Memorial del provocador de sueños
La poesía es un sueño provocado,
un potro escondido en un bosque de niebla,
el niño que azota el agua con una serpiente muerta,
las terrazas de agua por donde viajan los salmones
/al desove,
un barco cargado de palabras
saqueado por monjes y escribanos,
una muchacha que toca el arpa de la lluvia,
la cava de tu voz untada de apio o de canela.
La poesía es un sueño provocado,
un ruido de pasos en las catedrales de la noche,
una mujer del desierto que inicia su danza
para espantar a los chacales,
un ganso perseguido por los perdigones del granizo.
La poesía es un sueño provocado,
un fantasma que cruza las fronteras como Pedro
/por su casa,
un gato, ese anarquista de los tejados
que duerme en un sillón su profundo Nirvana,
la primera noche del hombre salido de la cárcel,
un hombre que se niega a ir a su propio funeral.
La poesía es un sueño provocado,
alguien que regresa de las provincias del silencio.
Confesión del antihéroe
Nunca llegué a sitio alguno.
Cuando los altos viajeros
se deslizaban en un hondo silencio
y veían la tierra como una aldea perdida,
yo miraba en la oscuridad de los armarios
pequeñas lunas de alcanfor.
Muchos impacientes caían en combate
cuando era humillado en oscuras oficinas.
Los inventores de la máquina de sueños
cenaban con mujeres más bellas que sí mismas.
Una ración de orfandad me era servida
bajo techos que dejaban caer migajas de yeso en el mantel.
Nunca llegué más allá de la próxima esquina.
No fui el boxeador que sonríe a la penumbra
cuando en el altar del cuadrilátero
parece llamar a la oración la última campana.
No tuve agallas para disparar contra el tirano,
no monté en pelo el brioso caballo de la guerra
ni atravesé campos minados para salvar una aldea.
Me dediqué a masticar el pan sin levadura
/de todas las derrotas.
Algunas noches me pregunto dónde andarán
los que cambiaron de piel o de país
mientras oigo una canción que habla de visitar la lejanía.
Una generación (Grabado en Mezzatinta)
De tanto agitar banderas se fueron volviendo harapos.

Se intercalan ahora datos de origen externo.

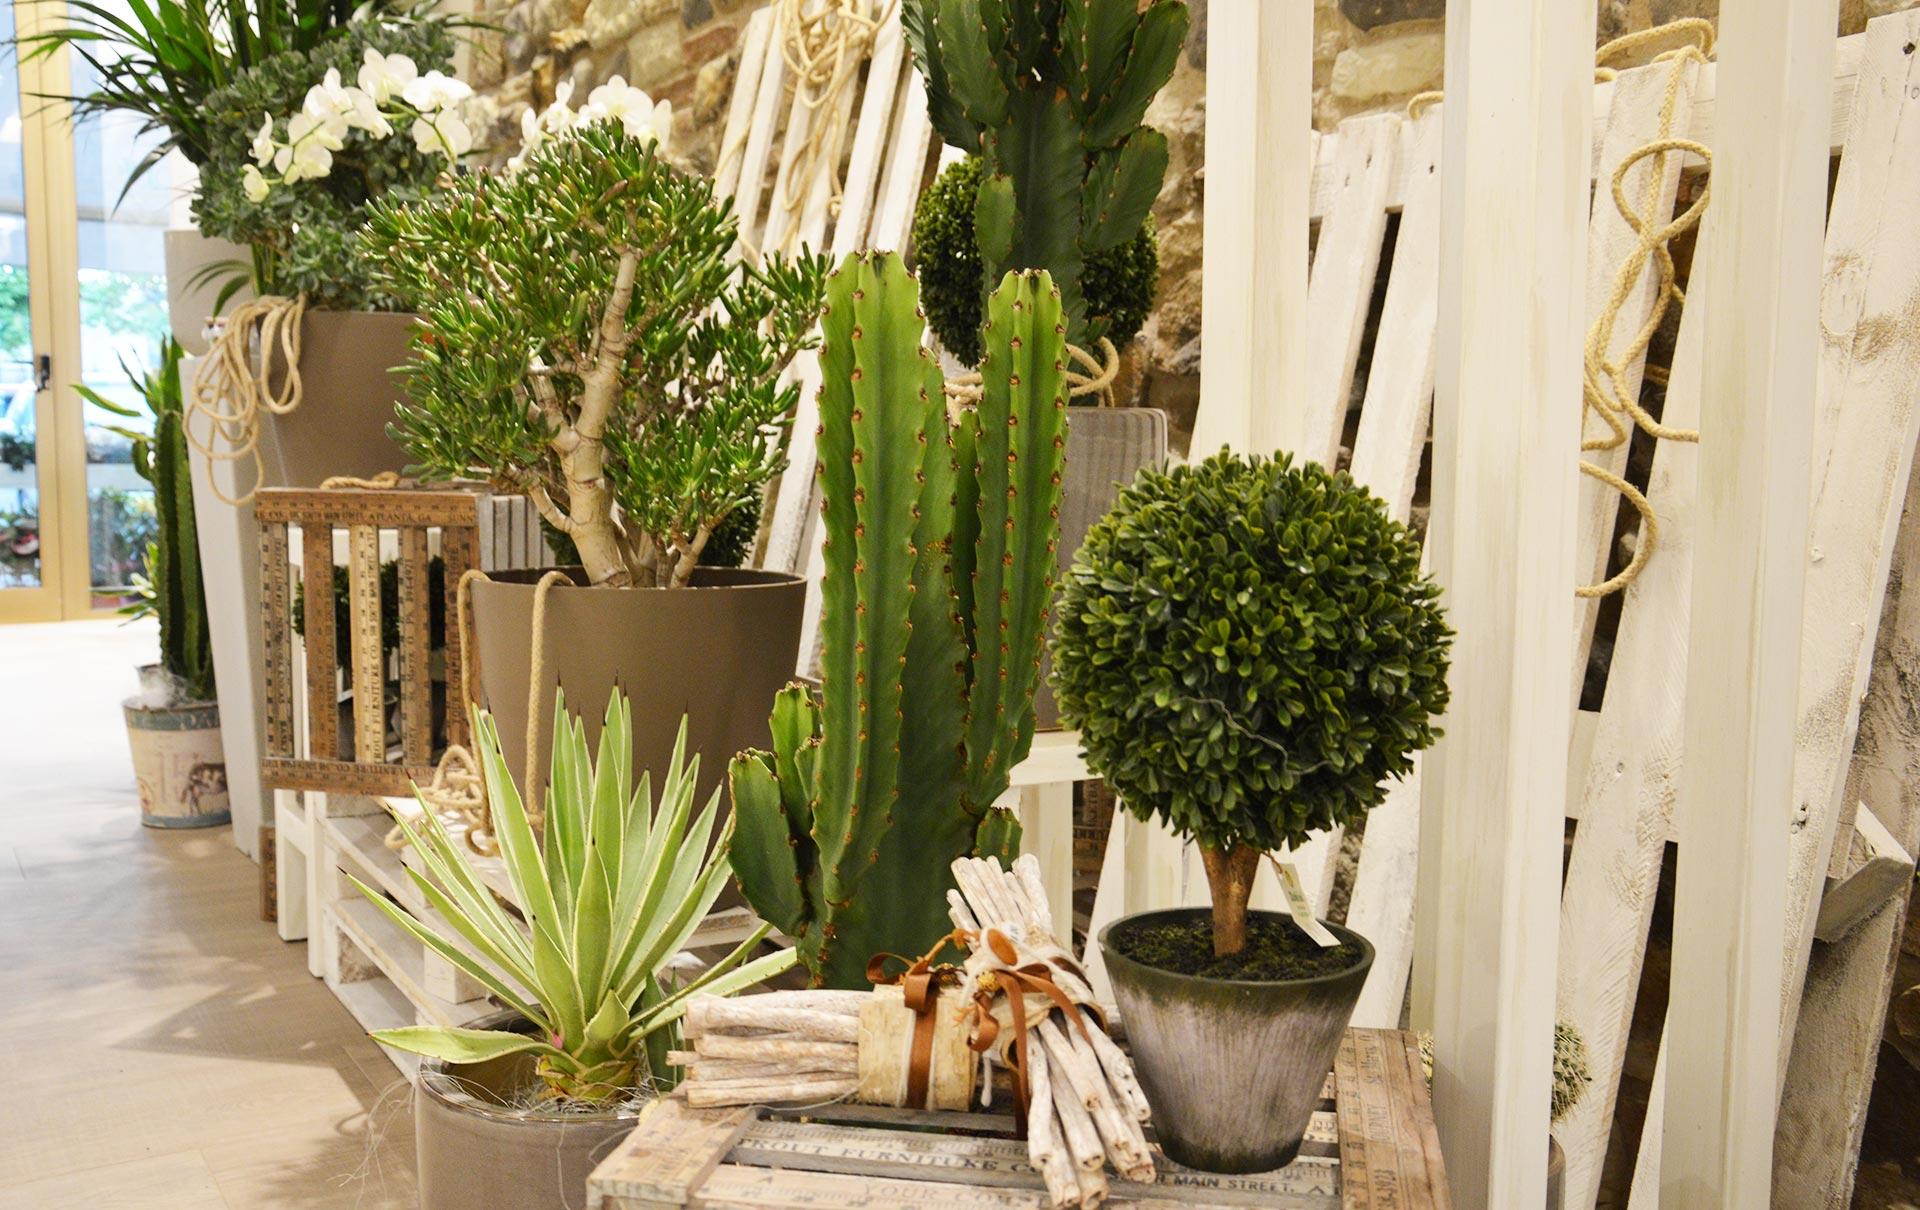 piante verdi e grasse

Muchos, como Eneas, íbamos con el padre a cuestas
en lucha con su sombra y su talante.
El fantasma que recorría el mundo
se sentó a nuestra mesa y compartió
un pan hecho con la levadura del sueño.
Recordábamos a Louise Michel,
su manera de señalar que la misma madera
sirve para fabricar toneles o cadalsos.
A cada tanto recibíamos noticias de Patmos:
paisajes devastados y hombres desplazados,
lejos del más allá de las ciudades.
Se fueron poblando de vacíos las mesas del café,
de herrumbre los cubiertos del ausente.
El oscuro garitero repartía un naipe negro
y supimos que la muerte, como un corredor de fondo,
entrenaba en los estadios nocturnos y vacíos.
Siempre hubo mujeres lavando el agua,
dándonos a comer el pan de la alegría.
Despreciamos los pasos congelados de la estatuaria,
los caballos de bronce y los poetas de mármol,
las mutiladas Venus que desconocen el desperezo
/o el abrazo.
Una tertulia de sombras bebía el vino del destierro.
en ella estaban el que cerró la puerta,
el que fue mala noticia en una edición de la tarde,
el que jamás juró ser novio de la muerte.
A nosotros nos tocó aprender a nadar en un naufragio.
Biblia de pobres, o Biblia pauperum, viene de una alusión a los grabados en madera con breves leyendas, en latín o en alemán, que se imprimían en el siglo XV.